▶ [Data excerpt]:

»»

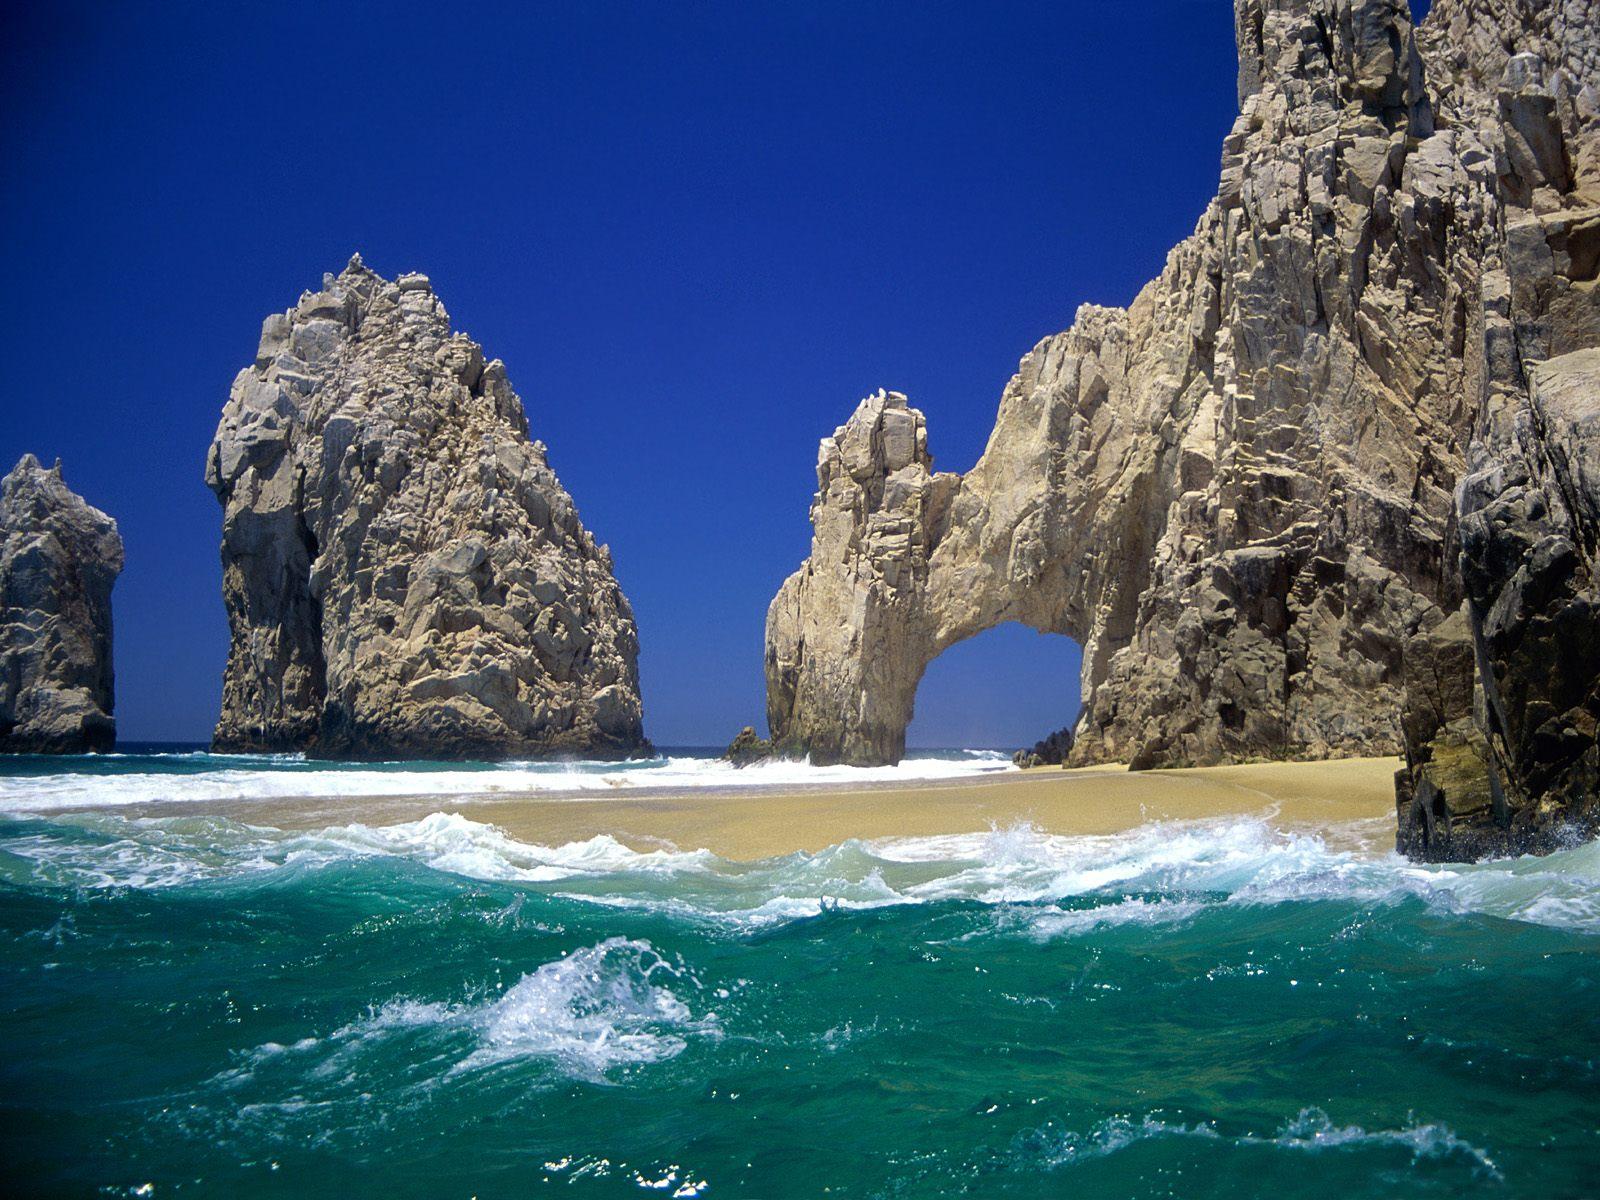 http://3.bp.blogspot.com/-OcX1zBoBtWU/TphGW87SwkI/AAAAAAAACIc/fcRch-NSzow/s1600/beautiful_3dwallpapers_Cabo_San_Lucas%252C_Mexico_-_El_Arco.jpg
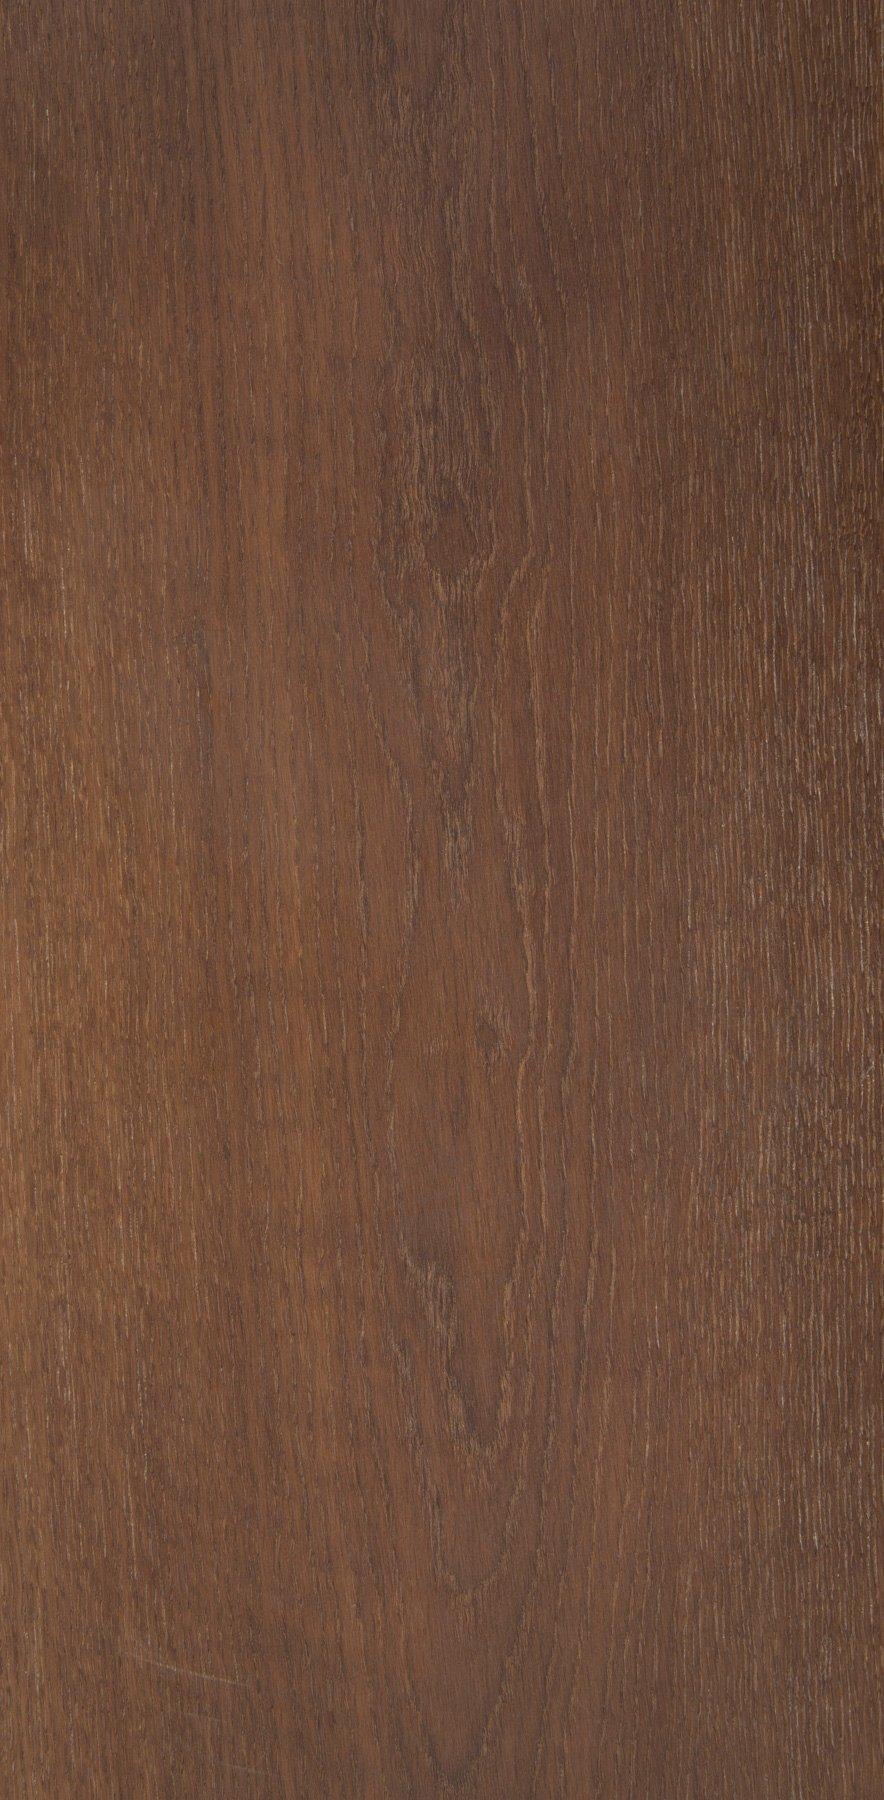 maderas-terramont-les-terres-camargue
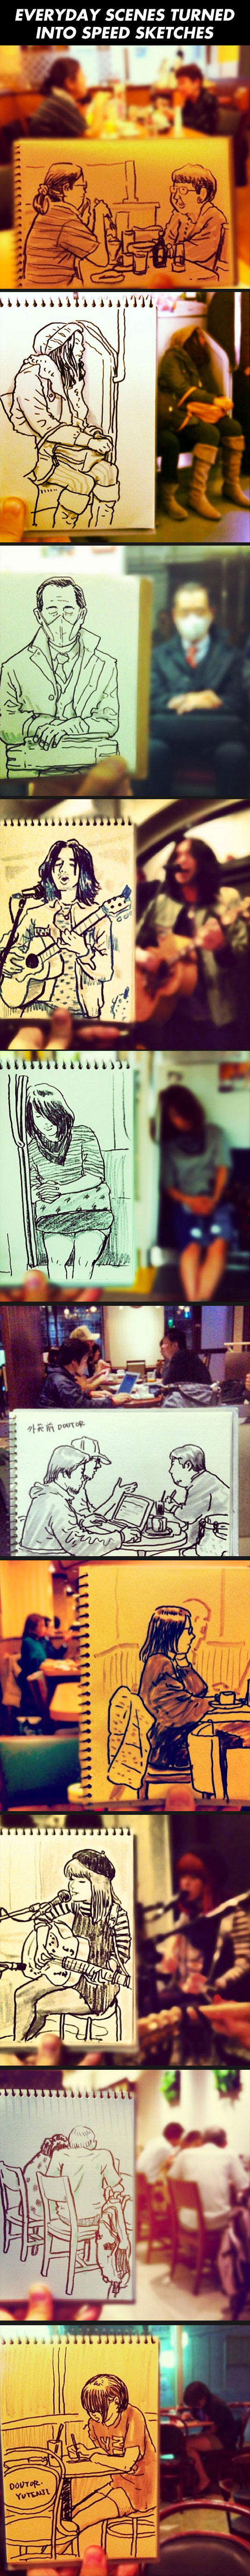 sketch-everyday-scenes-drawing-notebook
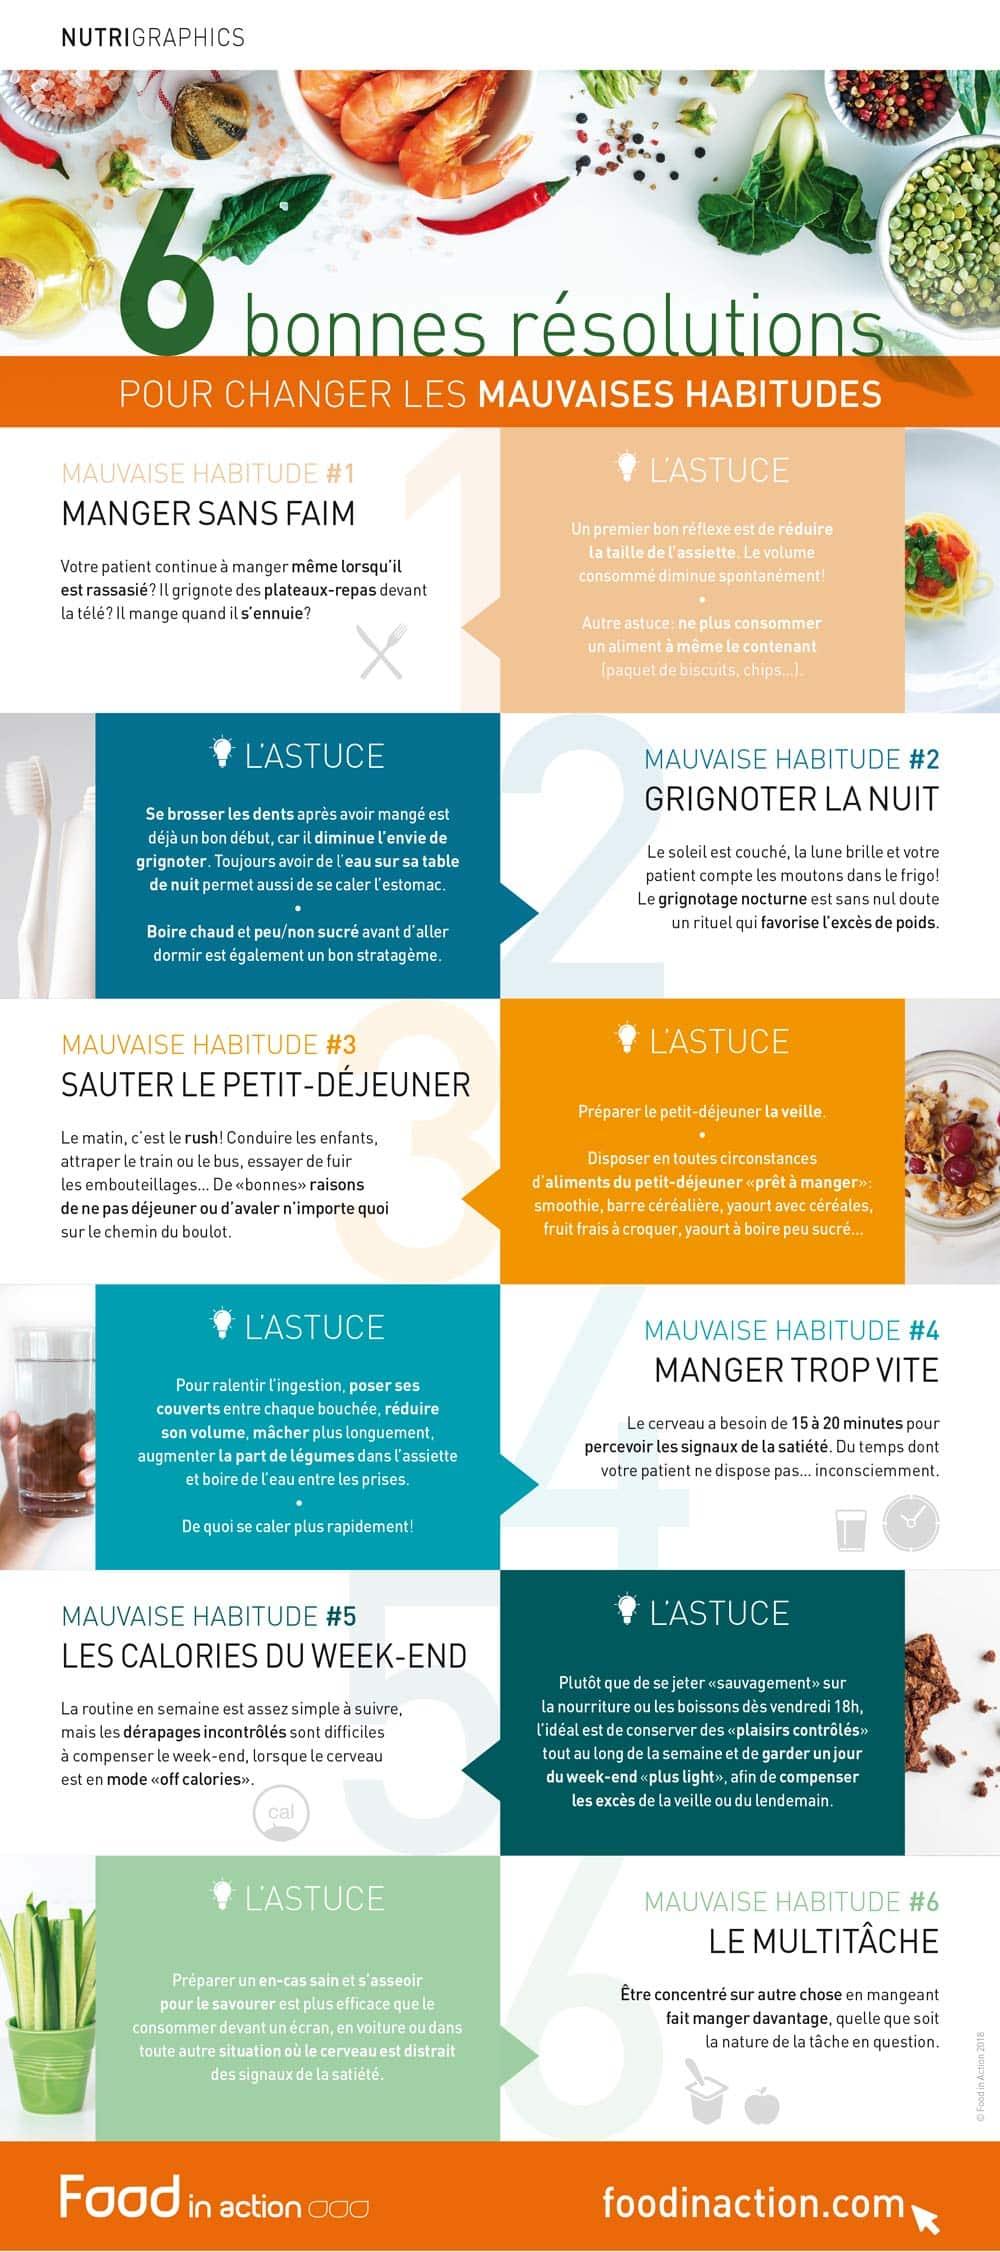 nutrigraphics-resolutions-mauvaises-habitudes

««

▶ [Assignment]:
With pictures omitted, restate exactly every line from the one containing "sketch-everyday-scenes-drawing-notebook" through the last line of the material, inclusive.

▶ [Task output]:
 sketch-everyday-scenes-drawing-notebook
 nutrigraphics-resolutions-mauvaises-habitudes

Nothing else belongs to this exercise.